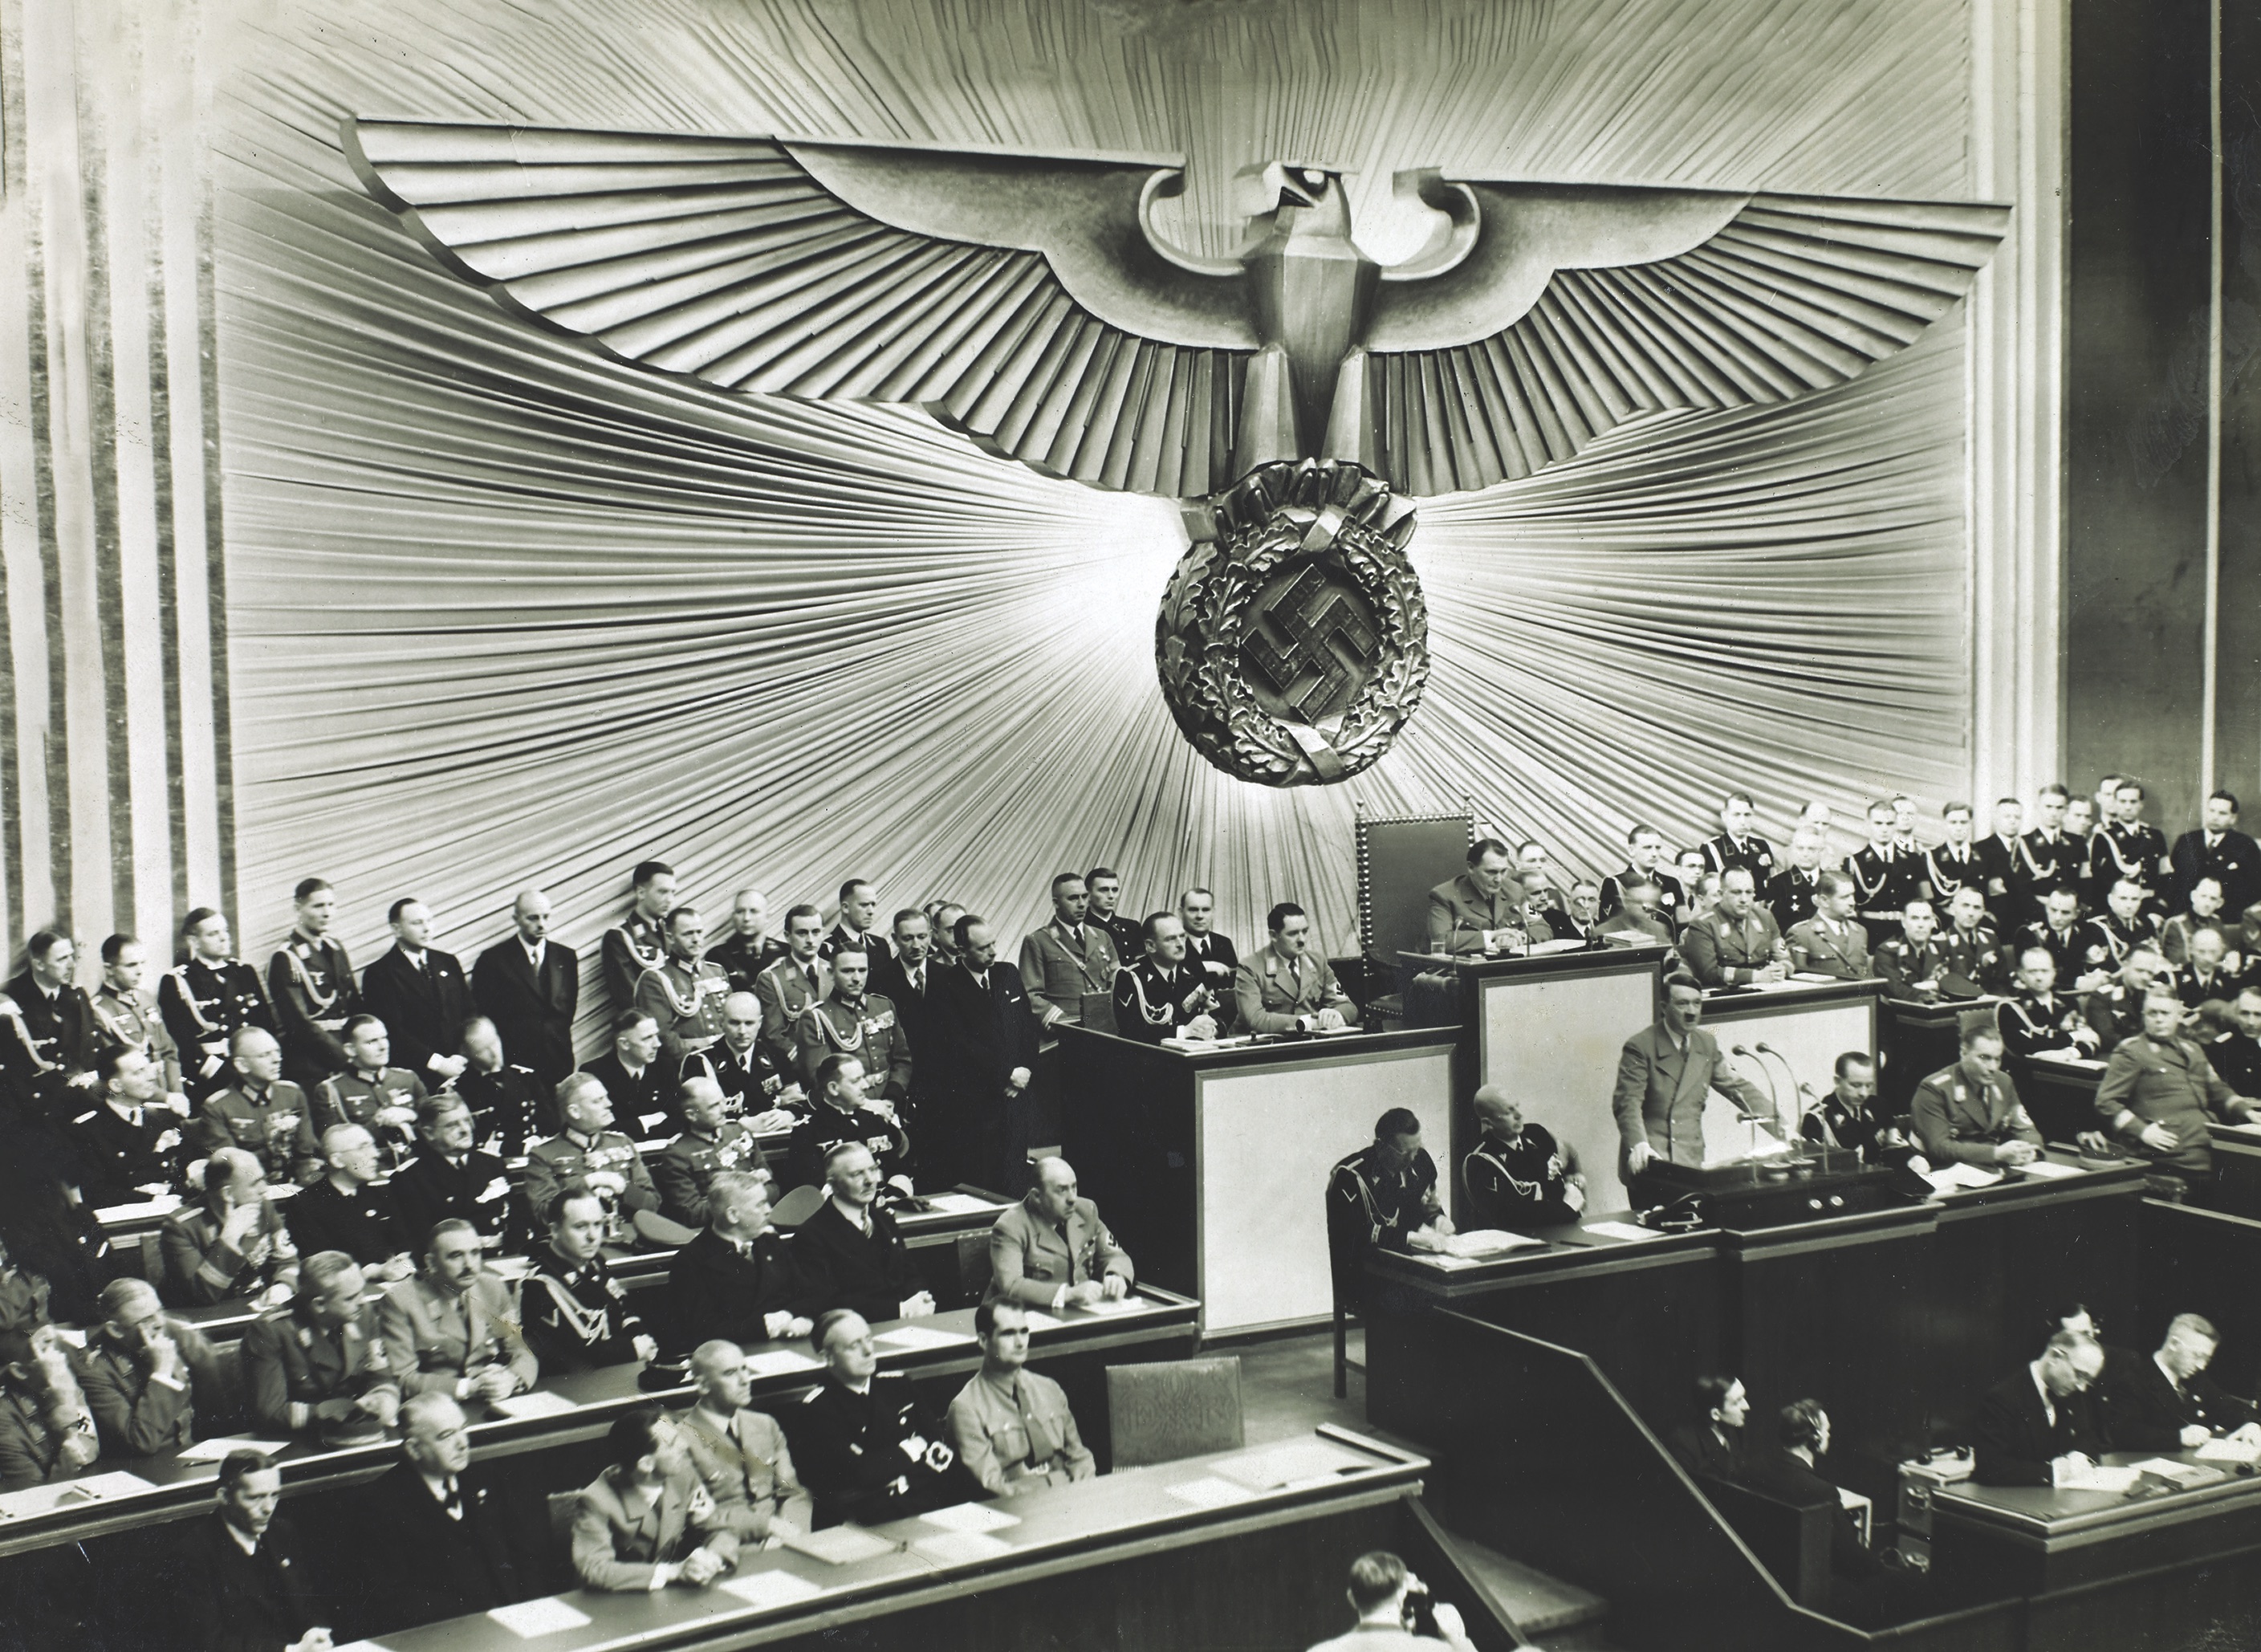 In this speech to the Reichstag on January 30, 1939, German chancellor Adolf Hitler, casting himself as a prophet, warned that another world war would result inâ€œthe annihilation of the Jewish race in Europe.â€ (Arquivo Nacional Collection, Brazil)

* * *

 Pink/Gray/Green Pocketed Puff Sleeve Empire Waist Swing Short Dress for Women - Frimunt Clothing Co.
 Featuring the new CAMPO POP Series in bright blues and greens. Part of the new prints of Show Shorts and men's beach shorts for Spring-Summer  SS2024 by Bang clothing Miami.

→ **Exercise details**
Each line in the entries above, starting at the line with "Pink/Gray/Green Pocketed Puff" and ending at the line with "Featuring the new", is to be printed exactly, and only those lines.

→ **Written response**
 Pink/Gray/Green Pocketed Puff Sleeve Empire Waist Swing Short Dress for Women - Frimunt Clothing Co.
 Featuring the new CAMPO POP Series in bright blues and greens. Part of the new prints of Show Shorts and men's beach shorts for Spring-Summer  SS2024 by Bang clothing Miami.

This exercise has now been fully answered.